New Yorkers Line Up to Advise Dinkins : Government: Hundreds respond to the mayor’s invitation and show up at City Hall with complaints and suggestions.
Mayor David N. Dinkins, battered by the budget crisis and seeking to project a message of personal accountability, invited ordinary citizens to his office Monday with suggestions on how to better life in the city.
Hundreds of people started lining up before dawn with complaints and ideas--including sending a squad of cowboys and cowgirls through poverty-stricken areas to preach AIDS-awareness and anti-drug messages, offering centralized computer access to municipal information, encouraging volunteerism and sacrificing a day’s pay a year to help the city.
After being pre-screened in front of City Hall, people in line were funneled through a metal detector to chat with the heads of appropriate agencies. A far smaller group met the mayor himself.
Was it a sincere search for innovation or a folksy public relations exercise? “I’d say it was 50-50,” said Michael Attisano, who emerged from the mayor’s office after suggesting a consolidation of the city’s separate housing and transit police forces. “I think he is going to get a lot of good ideas today.”
“Even now, there are those who see this as some sort of a gimmick,” Dinkins said. “It really is a desire to convey to the people of our city that this government really cares about them.”
The mayor’s invitation for ordinary citizens to meet with him came during a major televised address on July 30 that was designed to reassure both the city and the New York State Emergency Financial Control Board, created during the great fiscal crisis of the 1970s. The review board has the power under certain circumstances to seize financial control of the city.
In his speech, the mayor laid out a mixture of money-saving ideas, including ordering the heads of all city agencies, except for the police and fire departments, to give up their chauffeurs.
The mayor announced that he would not accept a pay raise for at least a year and set aside Monday as the day when New Yorkers with concerns and innovative ideas could come to see him.
And come they did. Coreen Brown of Brooklyn, arrived before dawn with a complaint about a sewer problem. When she emerged from the mayor’s office after waiting in line for hours, she admitted that she had broken into tears and Dinkins had given her a tissue.
“I forgot everything I wanted to say. I was going to invite him to my house,” Brown said.
Others remembered to deliver their messages.
Irving Scharf, a store owner from Brooklyn, suggested among other things that the mayor set up a lending-library system of math videotapes so children who miss classes because of illness or those who need extra credit can increase their learning skills.
“I am not here to berate the mayor.

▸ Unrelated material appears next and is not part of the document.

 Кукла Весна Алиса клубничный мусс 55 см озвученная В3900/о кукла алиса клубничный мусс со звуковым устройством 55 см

I am here to encourage him,” said Thelma Williams of the Bronx, who pushed for increased volunteerism and the sacrifice of a day’s pay by New Yorkers to help the city.

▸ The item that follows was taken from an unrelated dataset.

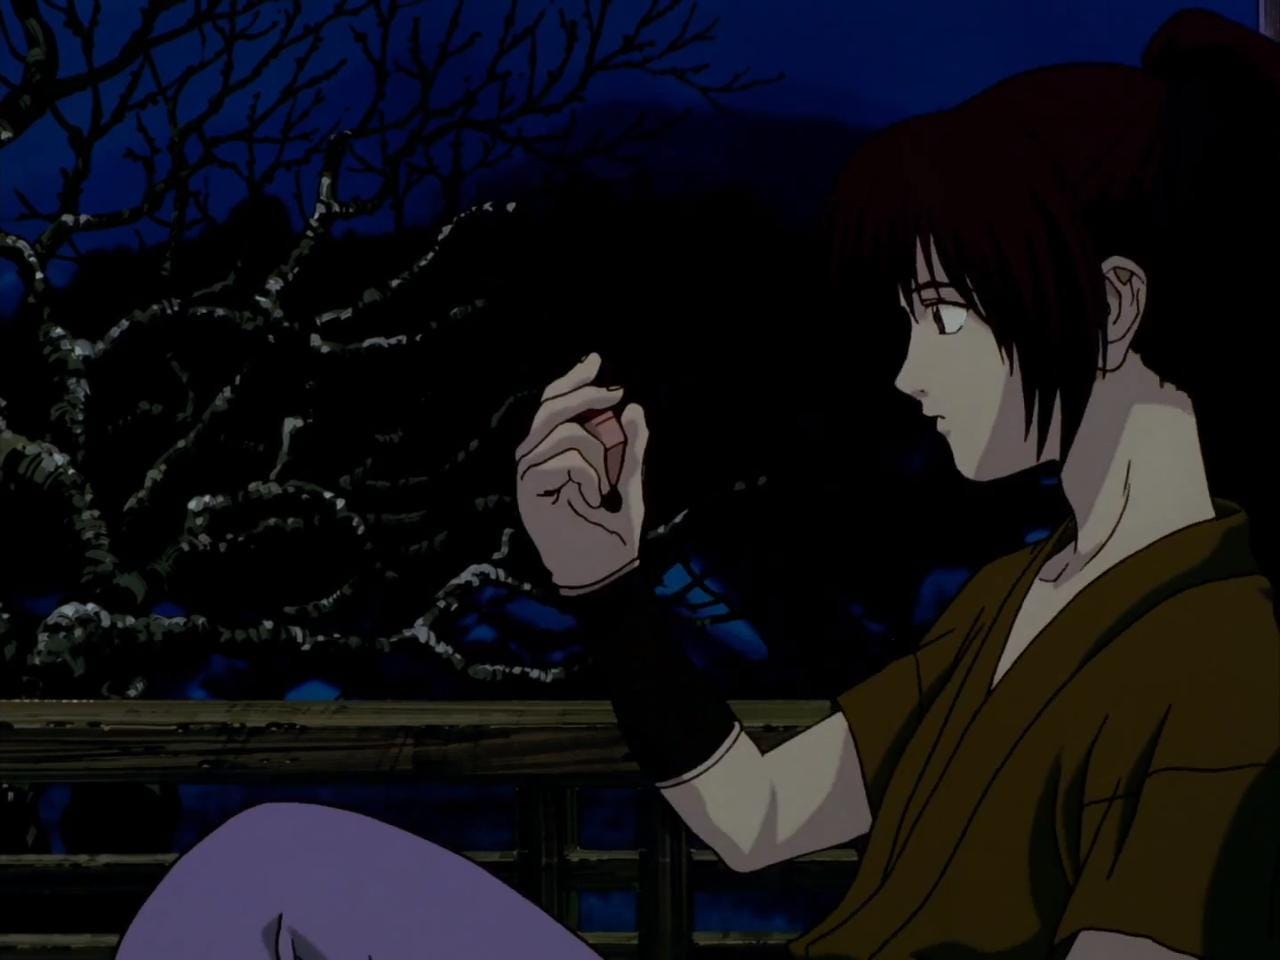 Assistir Rurouni Kenshin: Meiji Kenkaku Romantan - Episódio - 10

Carlos Foster, a rodeo producer who also lives in the Bronx, arrived wearing cowboy garb and proposed riding into poorer areas of the city with 10 cowboys and four cowgirls to preach against substance abuse and for safe sex.
Hulan Jack Jr., the son of a former Manhattan borough president in the 1960s, suggested putting all city data in central computer depositories for quick access.
Jack said that Dinkins listened and then had a municipal computer expert deliver a 30-second capsule of what already was being done. “Then we talked another minute and a half, and that was it,” he explained after leaving the mayor’s inner office.
The Dinkins invitation to New Yorkers brought out a summer Santa Claus, complete with red suit, and a woman dressed as the Easter Bunny. Police looked on bemusedly, except when Tasia Figueroa arrived with her 11-foot python, Shorty, draped around her neck.
The mayor’s staff, after quick consultation with police, asked that the snake be parked with Figueroa’s fiance while she went into City Hall to voice her municipal license complaint.